All tests done on MI100

This issue is currently blocking new PRs from being merged into develop.

junliume commented 1 year ago

@carlushuang could you help to take a look?

carlushuang commented 1 year ago

This is a non-xdlops kernel targeting NCHW layout, but I can't reproduce this failure on an MI200 machine. Is it tested on MI100 or Vega? image

junliume commented 1 year ago

@JehandadKhan could you clarify on the reproducing steps and env?

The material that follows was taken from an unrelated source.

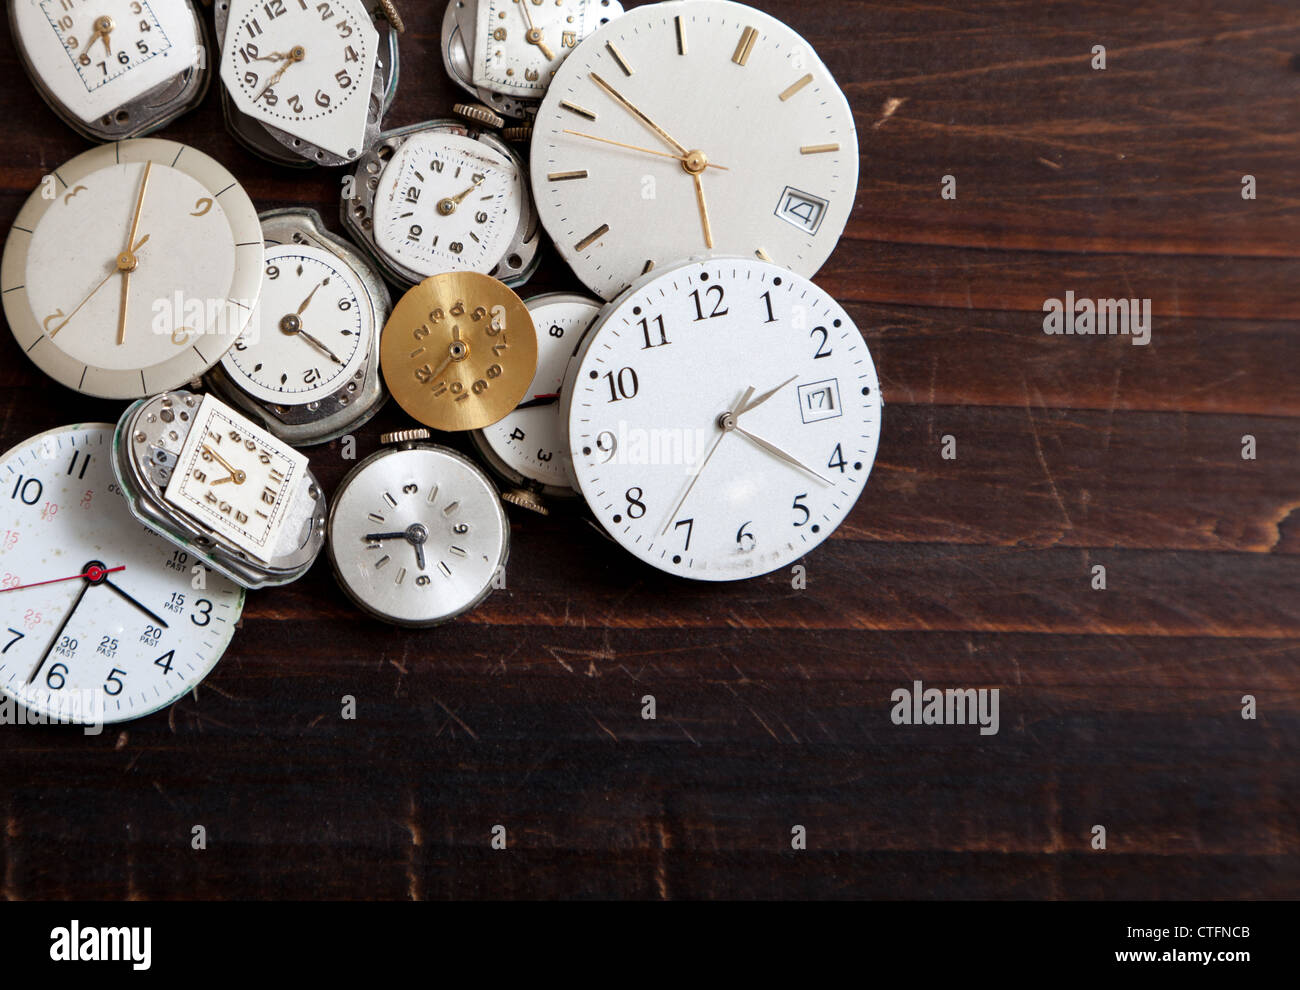 Assorted old, wrist watch faces creating a background Stock Photo

JehandadKhan commented 1 year ago

@carlushuang I tested on MI100 system.

carlushuang commented 1 year ago

@JehandadKhan this solver is targeting non-xdlops kernels, so performance will be not good. For MI100/MI200 there are alternative solvers like ConvHIPImplicitGemmForwardV4R4XDLops, and other asm solvers that support this case. So if this one has computation bug I think we have to disable it. What do you think?

cc @zjing14

junliume commented 1 year ago

@carlushuang @JehandadKhan : our CI is failing consistently on the following http://micimaster.amd.com/blue/organizations/jenkins/MLLibs%2FMIOpen/detail/develop/964/pipeline

atamazov commented 1 year ago

@carlushuang @junliume I do not remember BF16 precision problems with this solver. We need to find the root reason of the issue before trying to fix of workaround the issue. It could be, for example, a bug in the compiler. What is ROCm version?

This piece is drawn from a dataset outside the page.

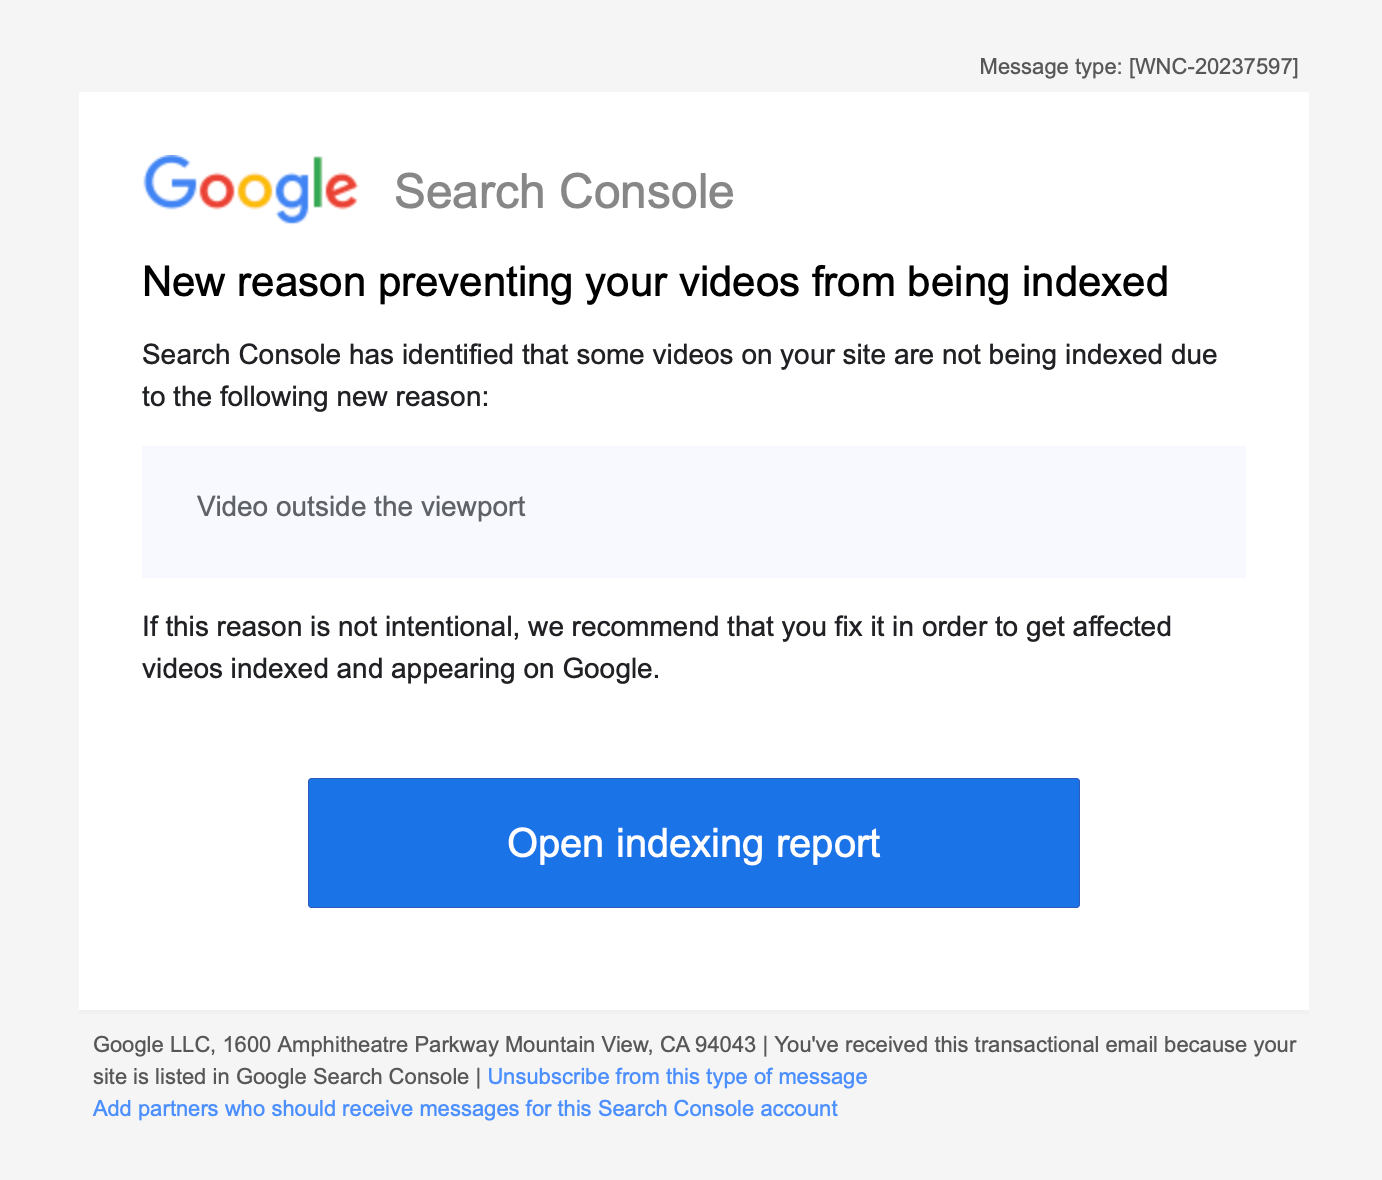 Video Outside the Viewport - Google Search Console Message

So if this one has computation bug I think we have to disable it.

Please look at #936. Maybe this is a kind of verification bug.

atamazov commented 1 year ago

@JehandadKhan Is it so that the smoke_solver_ConvHipImplicitGemmV4R1 test is failing with BF16? This is interesting... What has changed? Maybe tuning?

I recommend renaming this ticket to "smoke_solver_ConvHipImplicitGemmV4R1 test is failing with BF16".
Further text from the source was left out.